What are the limits of a single piece of art?
If you ask Tyree Guyton, there might not be any at all. His magnum opus, The Heidelberg Project is an installation piece — although not the kind of installation you would be familiar with. Instead of fitting comfortably in a museum gallery, or fitting on a pedestal, The Heidelberg Project takes up an entire Detroit neighborhood!
This free art experience is part of our Free Outdoors Art Experiences For Kids list, included in IPaintMyMind’s Arts Education Curriculum & Resource Guide. It’s just a fraction of our A La Carte Art Resources, which make up the last part of the curriculum power-building resource, alongside lists of artists, interviews, and more. However, we loved learning about the project so much, we had to share!
Tyree Guyton returned back to Detroit’s East Side Heidelberg neighborhood in 1986, after completing his undergraduate degree. He found that his childhood neighborhood was full of abandoned lots, addiction, and systematic disinvestment.

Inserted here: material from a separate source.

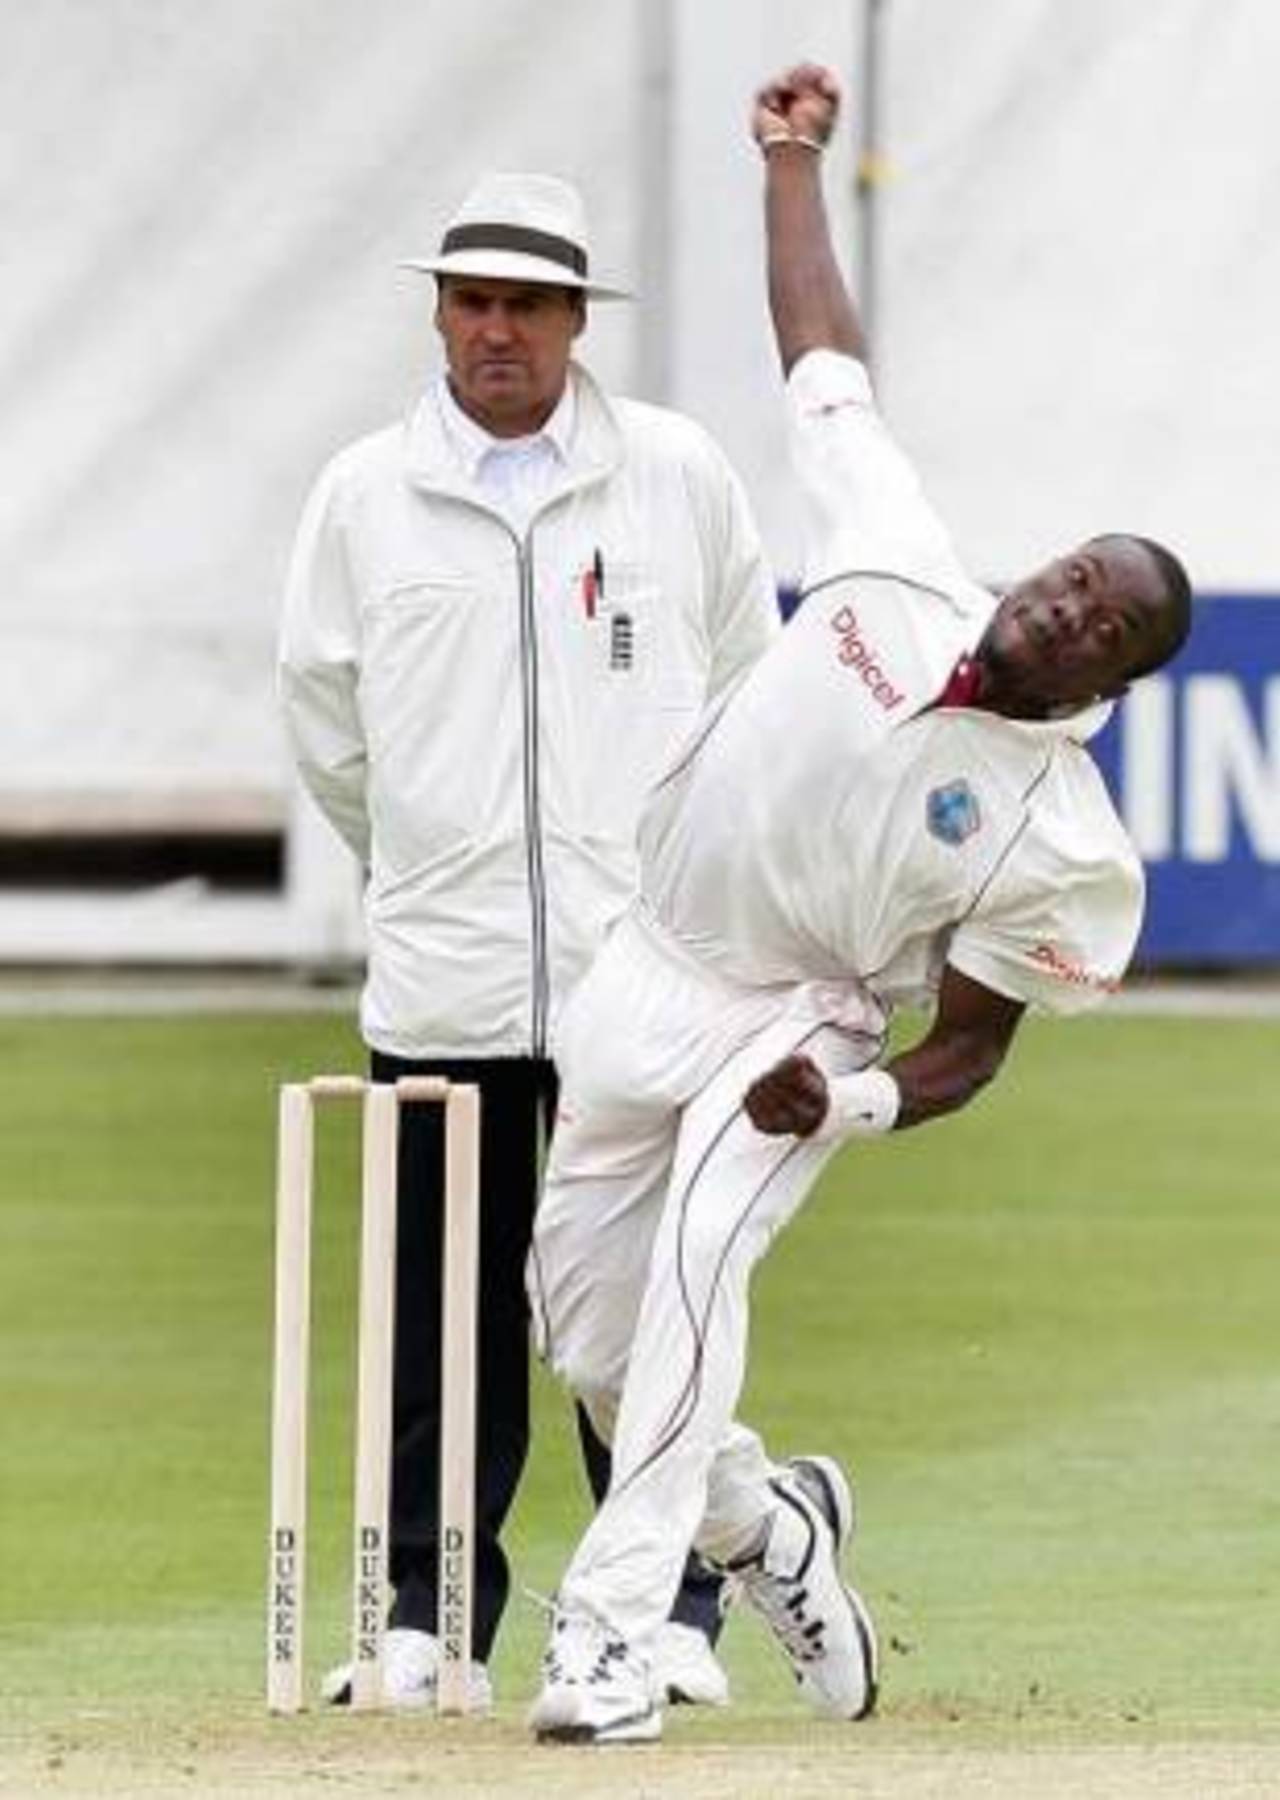 Nelon Pascal, one of the new faces for West Indies, in action against Essex, Essex v West Indies, Chelmsford, April 25, 2009

When he shared his anger and sadness at the state of his beloved childhood home, his grandfather encouraged him to pick up a paintbrush.
Guyton roamed through the streets, cleaning up vacant lots with his grandpa and a group of local children. They collected the debris and created art from the pieces, filling the previously empty lots with art and splashing joyful color on empty buildings. Nothing was off limits to Guyton’s expansive imagination, and he tied roads, trees, and sidewalks into his artistic vision.
Guyton’s distinctive style is characterized by bright saturated colors, polka dots, and found object assemblages. He also loves to incorporate snippets of poetic phrases, numbers, and words into his works. Many of Guyton’s surfaces transcend into the three dimensional, with sculptural outcroppings and found objects jutting out from flat painted areas.
His work is fun, joyful, surreal, and influenced by the work of Detroit artist Charles McGee. McGee’s dense, organic linework inspired Guyton’s fluid and organic style, as well as his relationship to linework in his pieces. Overall, Guyton’s style is welcoming and endlessly fascinating. He made Hedidelberg a place of mystery and curiosity. There is never a shortage of places to look, and new details to discover.
In 1988, The Heidelberg Project was officially established, and Guyton’s massive artwork was immortalized. The project aimed to use art as a medicine for social ills, and to educate folks who may not have had any access to art otherwise. Today the Heidelberg Project provides jobs to people from the community, hosts lectures and youth leadership academies, and throws festivals.